A Newspaper Celebrates Its Birthday
The newspaper for which I toil began its existence 149 years ago this weekend, on Sept. 12, 1861, as the Smoky Hill and Republican Union. George W. Kingsbury was its editor and proprietor. Its slogan was, “We Join Ourselves To No Party That Does Not Carry The Flag, and Keep Step To the Music Of The Union.” The state of Kansas had joined the United States only eight months earlier as a free state and sent more than 20,000 soldiers to fight for the Union cause in the Civil War that began just two months later.
So it is no surprise that the Union newspaper supported both that cause and the party of Lincoln in its nameplate, though of course those are also the names of the rivers that meander through our town and join to form the Kansas River.

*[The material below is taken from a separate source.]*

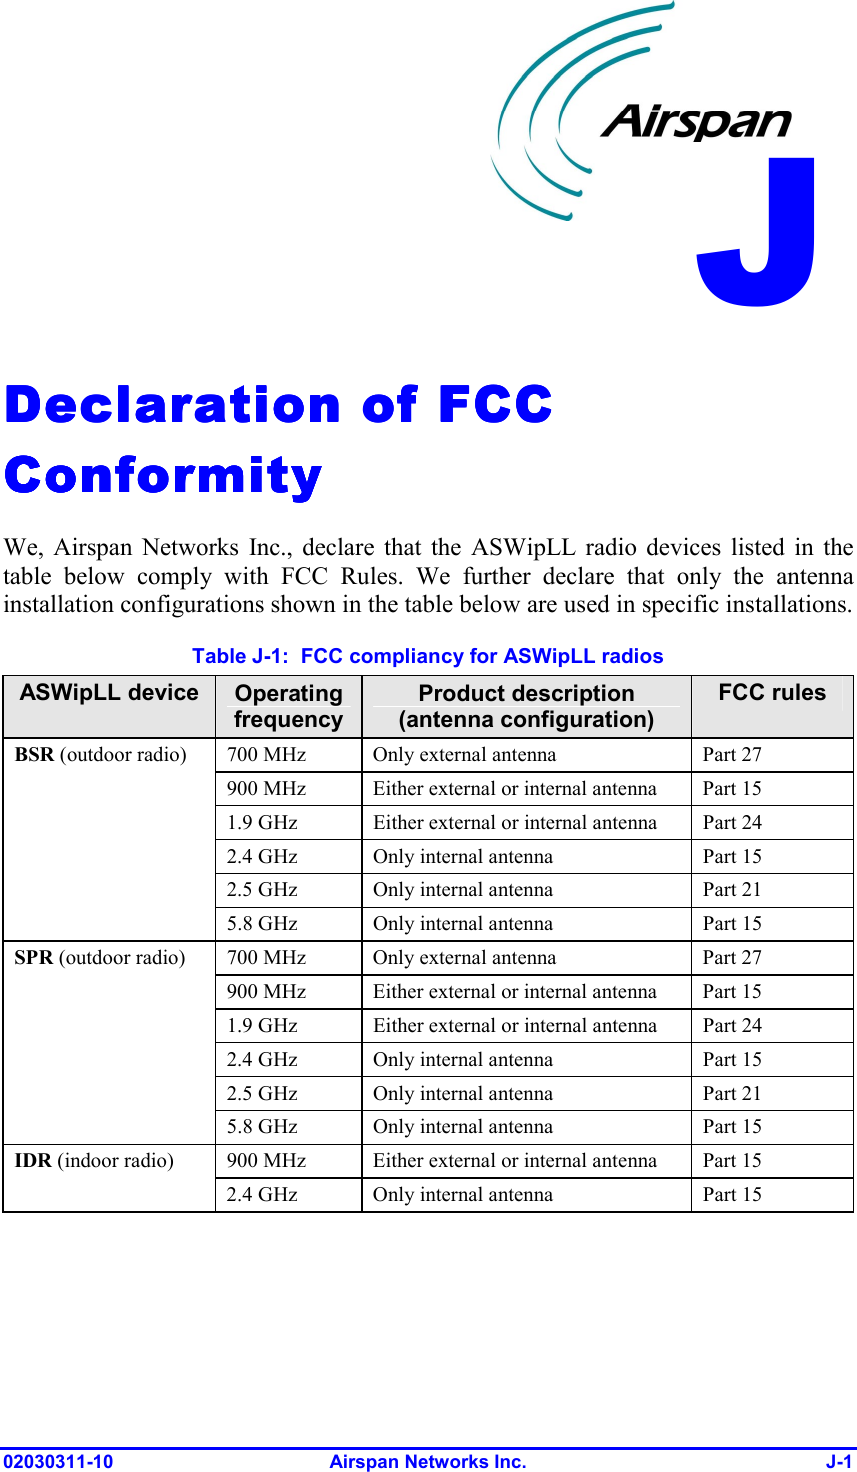  02030311-10 Airspan Networks Inc.  J-1 Declaration of Declaration of Declaration of Declaration of FCC FCC FCC FCC ConformityConformityConformityConformity    We, Airspan Networks Inc., declare that the ASWipLL radio devices listed in the table below comply with FCC Rules. We further declare that only the antenna installation configurations shown in the table below are used in specific installations. Table  J-1:  FCC compliancy for ASWipLL radios ASWipLL device  Operating frequency Product description (antenna configuration) FCC rules 700 MHz  Only external antenna  Part 27 900 MHz  Either external or internal antenna  Part 15 1.9 GHz  Either external or internal antenna  Part 24 2.4 GHz  Only internal antenna  Part 15 2.5 GHz  Only internal antenna  Part 21 BSR (outdoor radio) 5.8 GHz  Only internal antenna  Part 15 700 MHz  Only external antenna  Part 27 900 MHz  Either external or internal antenna  Part 15 1.9 GHz  Either external or internal antenna  Part 24 2.4 GHz  Only internal antenna  Part 15 2.5 GHz  Only internal antenna  Part 21 SPR (outdoor radio) 5.8 GHz  Only internal antenna  Part 15 900 MHz  Either external or internal antenna  Part 15 IDR (indoor radio) 2.4 GHz  Only internal antenna  Part 15  J

I downloaded a copy of the first issue from the Library of Congress, which has digitized the first three years of the newspaper’s existence as part of its Chronicling America project. That means anyone can go online and read or print copies of newspapers from all over the country. I am constantly amazed at this modern world, and how it allows researchers access from a computer screen and Internet connection to material that one once had to travel thousands of miles to peruse.
Kingsbury set out his political views in his opening issue, making it clear he was in the Union camp. He wrote, “It is clearly our duty to rally around the Constitution, and the glorious old flag of our country, in our common cause for the preservation and perpetuation of our glorious Union…”
Putting out a newspaper a century-and-a-half ago was tough sledding even under the best of circumstances. And producing a weekly in Junction City during a Civil War must have been brutal. For Kingsbury, this was his second attempt to put out a paper here, having been involved as the printer of the Sentinel a couple of years earlier.
For nearly 30 years, off and on, I’ve ruined my eyesight looking at microfilm of old newspapers, for a master’s thesis on an 1840s-era Republic of Texas newspaper, and years later for a modest book published by University of Texas press. (Advice to aspiring book authors: Keep your day job.) I’ve had a hand in producing centennial issues for two different newspapers. Next year, Lord willing, our staff will produce a sesquicentennial issue to mark the 150th year for this newspaper. I’m a newspaper nerd from way back.
Only two newspapers in Kansas have stayed in business longer than this publication: the Troy Chief and the Leavenworth Times. That is quite a legacy. The Montgomery family for whom I work have been associated with the Union since 1888. It is still a family operation in a time when most newspapers are owned by corporate chains with distant ownerships. There isn’t necessarily wrong with that, but there is something comforting in the longevity, the commitment that comes with family ownership of a company over well more than a century.
I’m grateful to have come into this line of work a bit more than a century after the Union sprang into existence. Newspapering back then truly was brutal work. Type was set one character at a time, the character placed in a wooden case. Payment from both subscribers and advertisers was always iffy. Newspapers particularly in small towns like Junction City, popped up and disappeared with regularity.
Folks are predicting the demise of newspapers once again. No doubt the landscape is changing. How you get your news, even about this town, will evolve eventually. What won’t change is that nearly 150 years later, we’ll still be the place readers go to find out what happened in the chunk of the Flint Hills that we cover. Nobody does it better or more thoroughly. We’re not perfect by any means. But we plug away every day, with a small crew of folks who are trained to get the story and explain it best as they can.
That’s a family tradition the folks at this paper are proud to continue, just as they do at small papers all across this country. Next year we’ll really celebrate.